Top of Given data
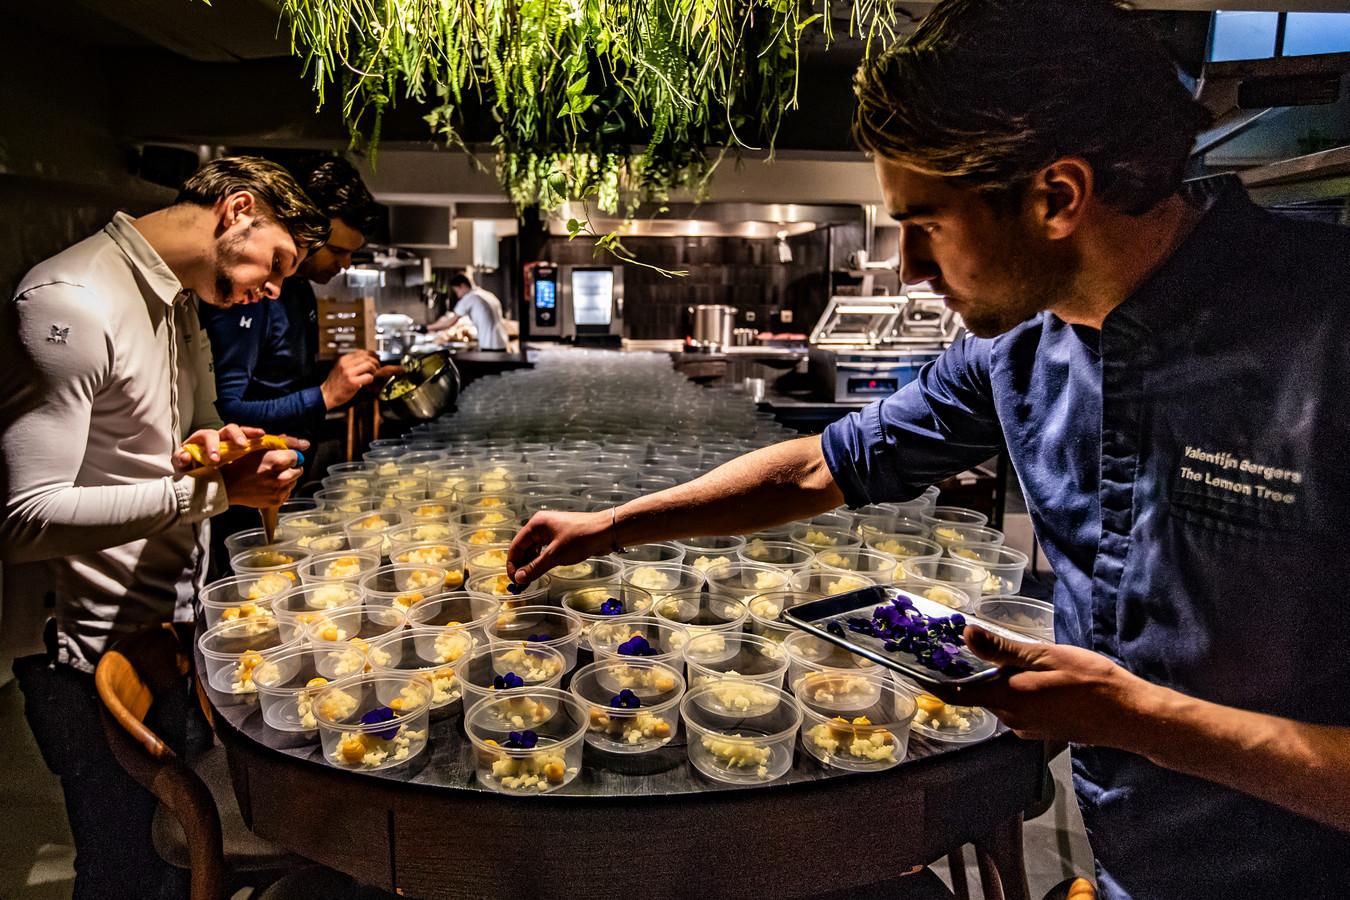 Bij restaurant The Lemon Tree in Deventer worden met zorg honderden bakjes gevuld voor hun maaltijdbox Grand 25, 25 gerechtjes voor 25 euro (per persoon). Linksachter Kevin Schlaman linksvoor Nino Boot en eigenaar Valentijn Bergers rechts.
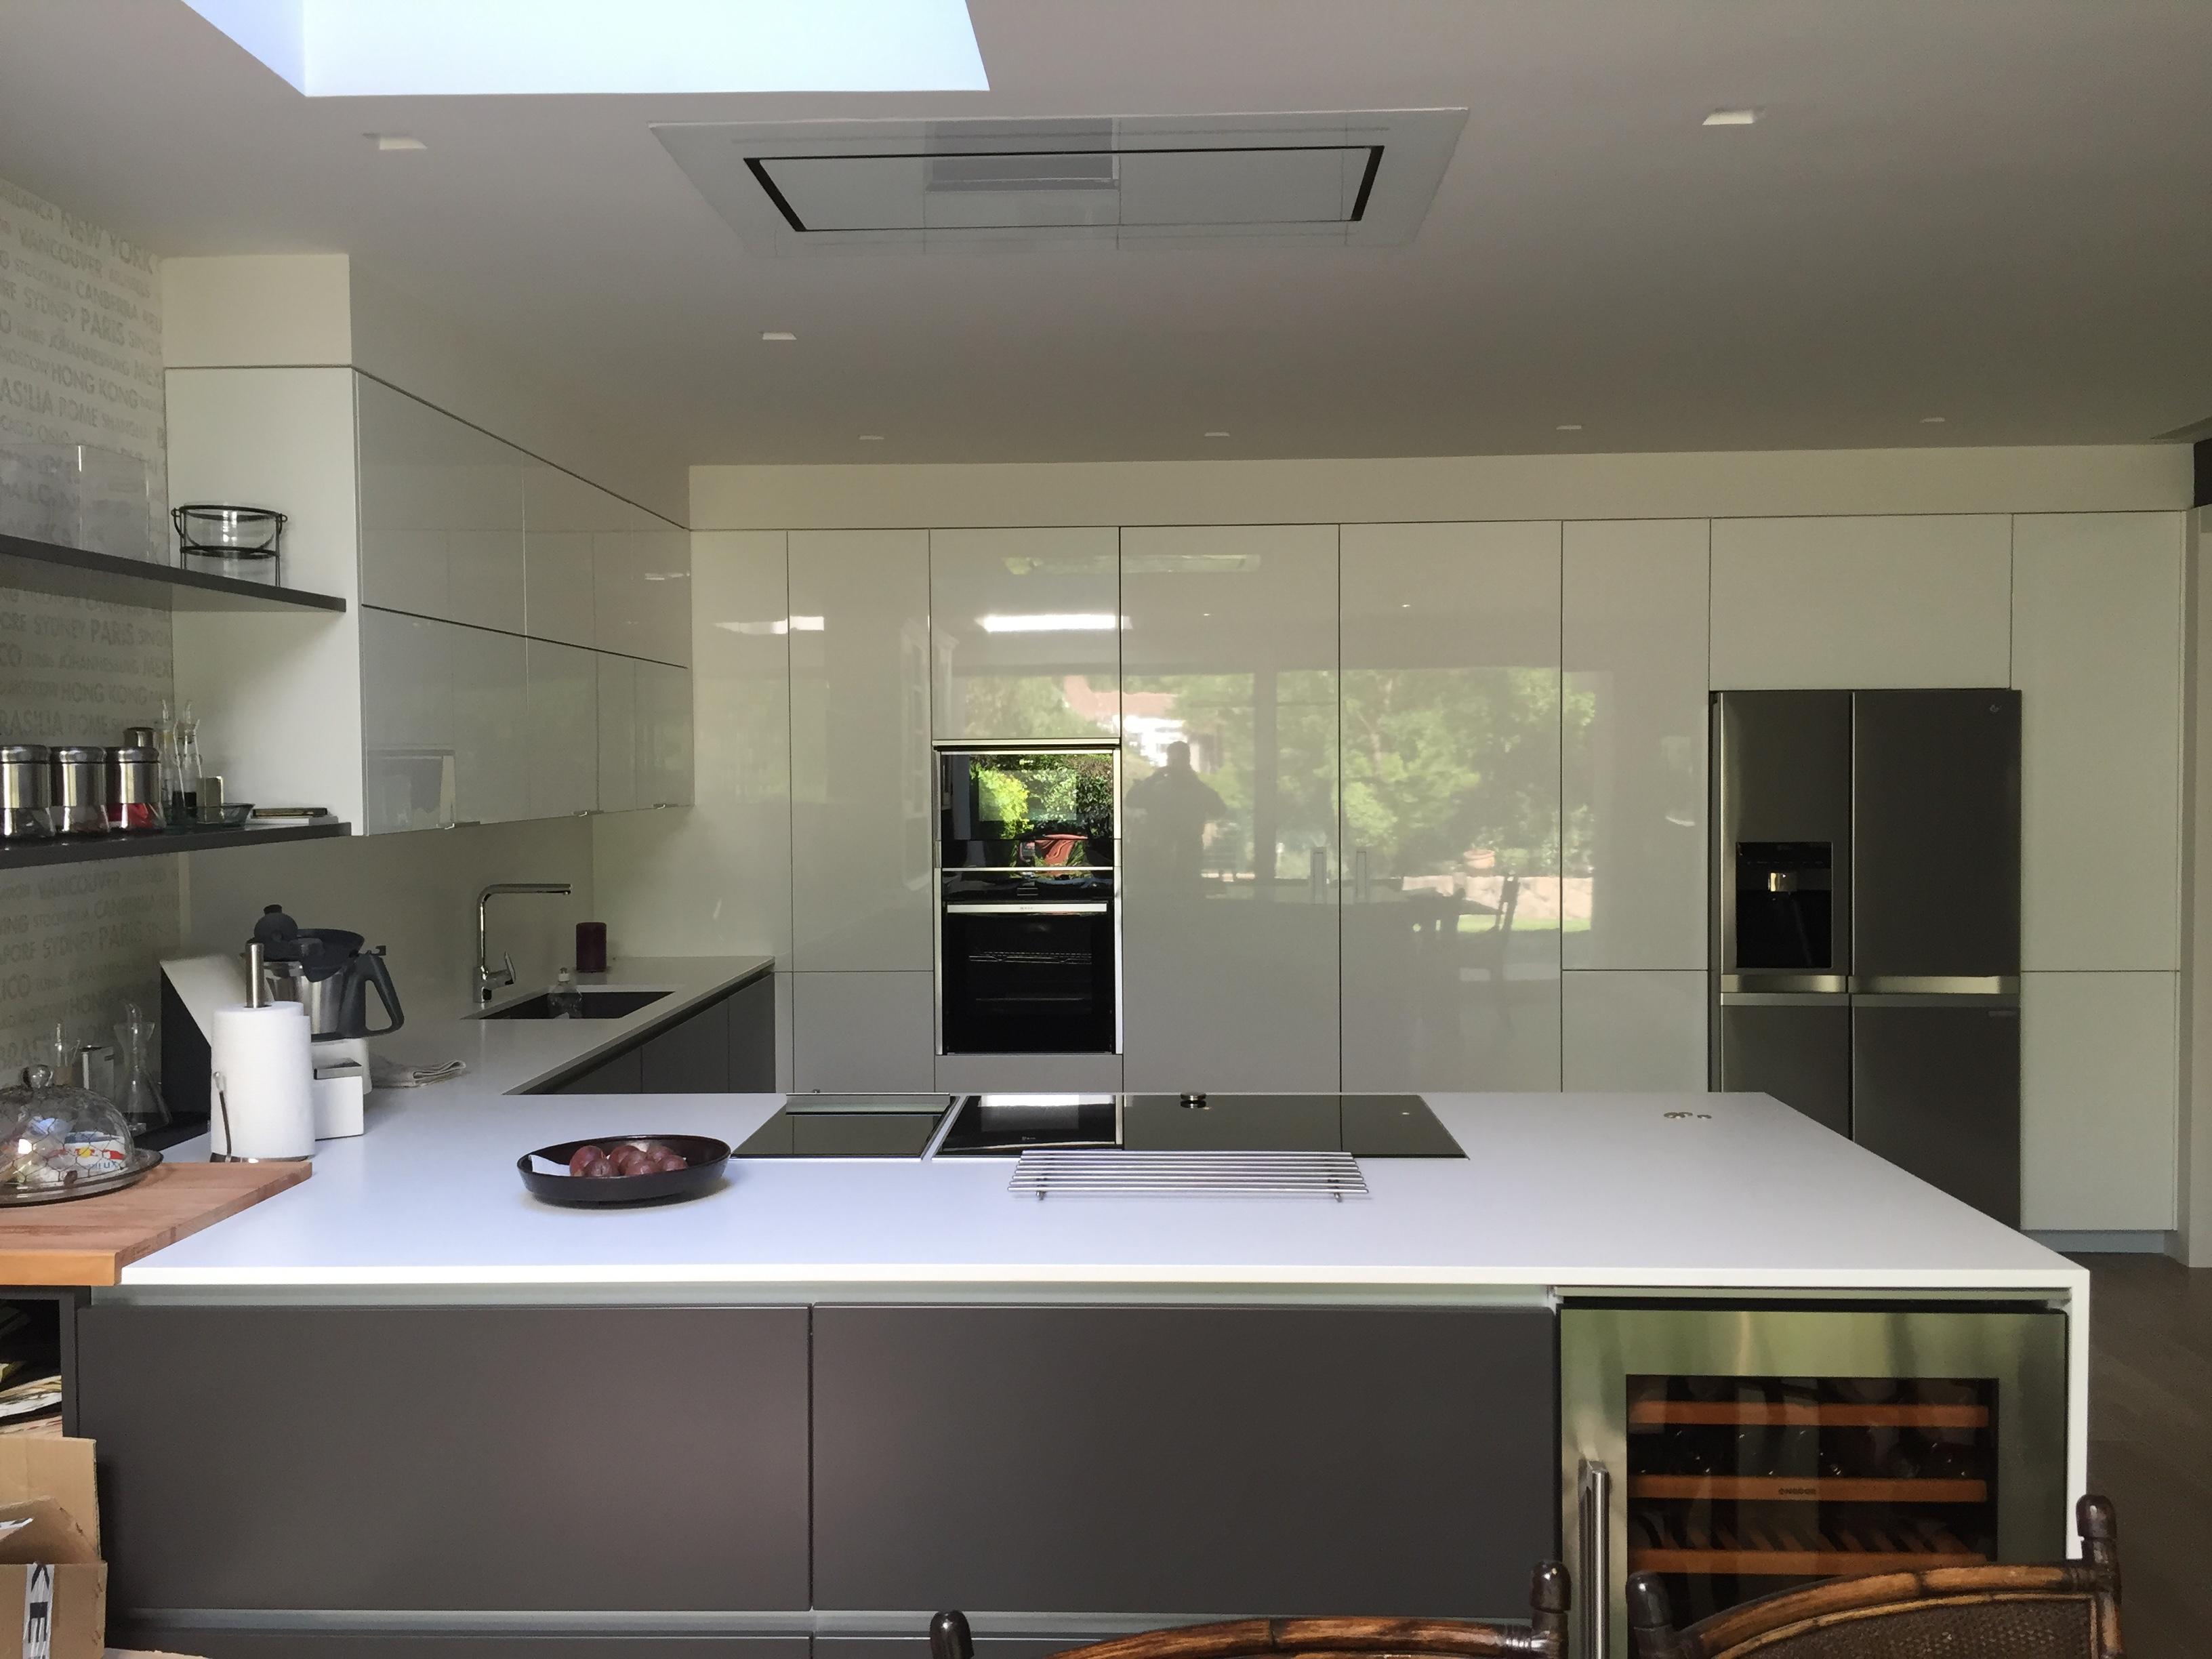 Una cocina contemporánea - Frecan
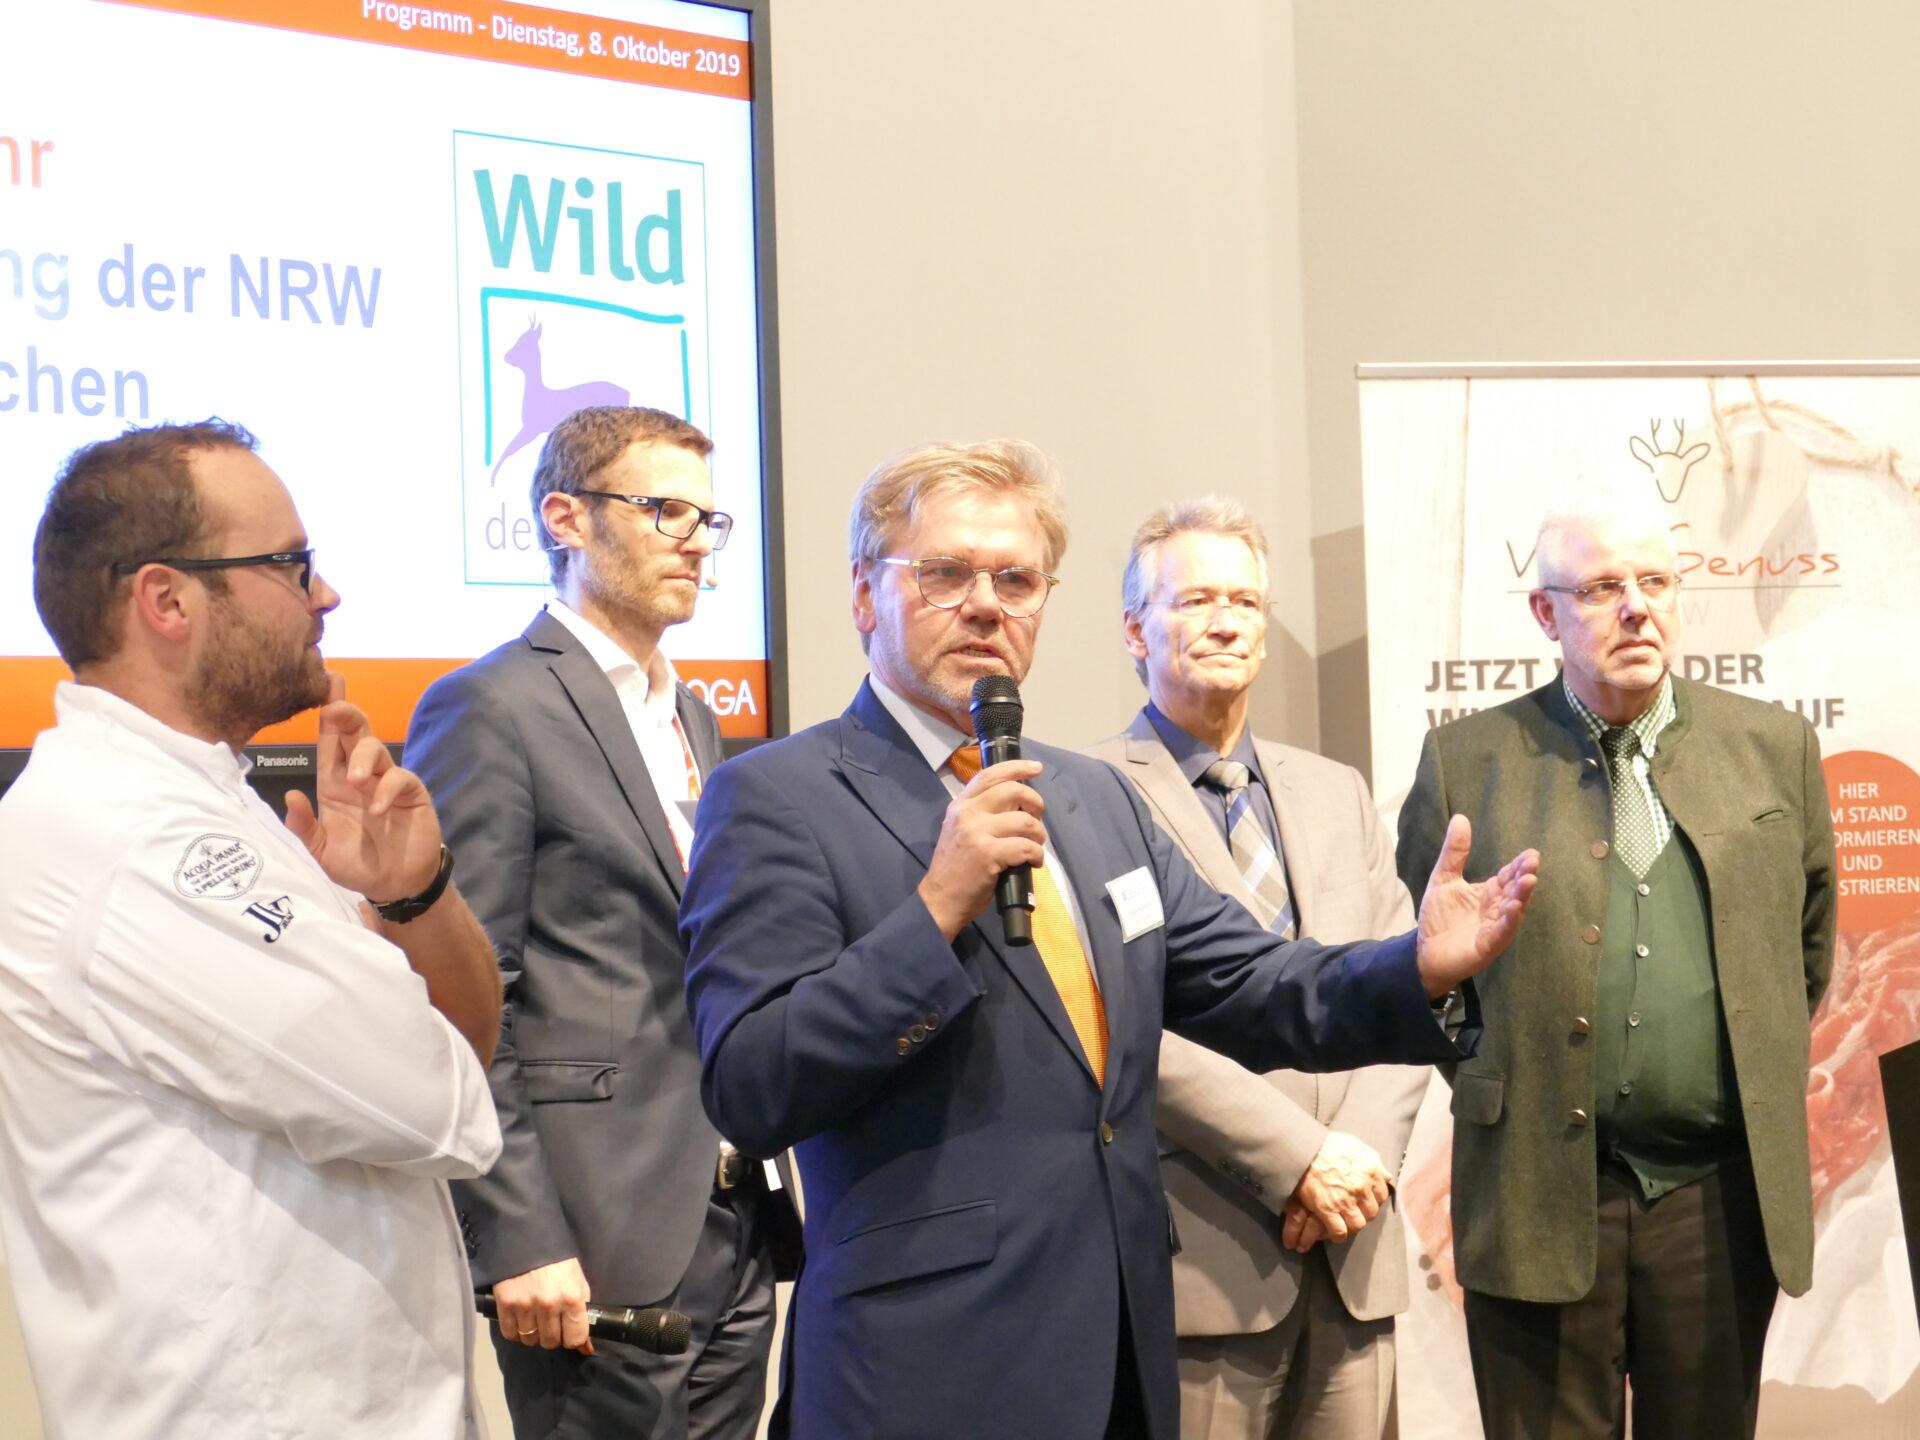 Nordrhein-Westfalen: Wild bietet klimaneutralen Fleischgenuss - WILD UND HUND
Bottom of Given data
Task prompt
Every line above should be transcribed word for word; leave the pictures out.

Written answer
 Bij restaurant The Lemon Tree in Deventer worden met zorg honderden bakjes gevuld voor hun maaltijdbox Grand 25, 25 gerechtjes voor 25 euro (per persoon). Linksachter Kevin Schlaman linksvoor Nino Boot en eigenaar Valentijn Bergers rechts.
 Una cocina contemporánea - Frecan
 Nordrhein-Westfalen: Wild bietet klimaneutralen Fleischgenuss - WILD UND HUND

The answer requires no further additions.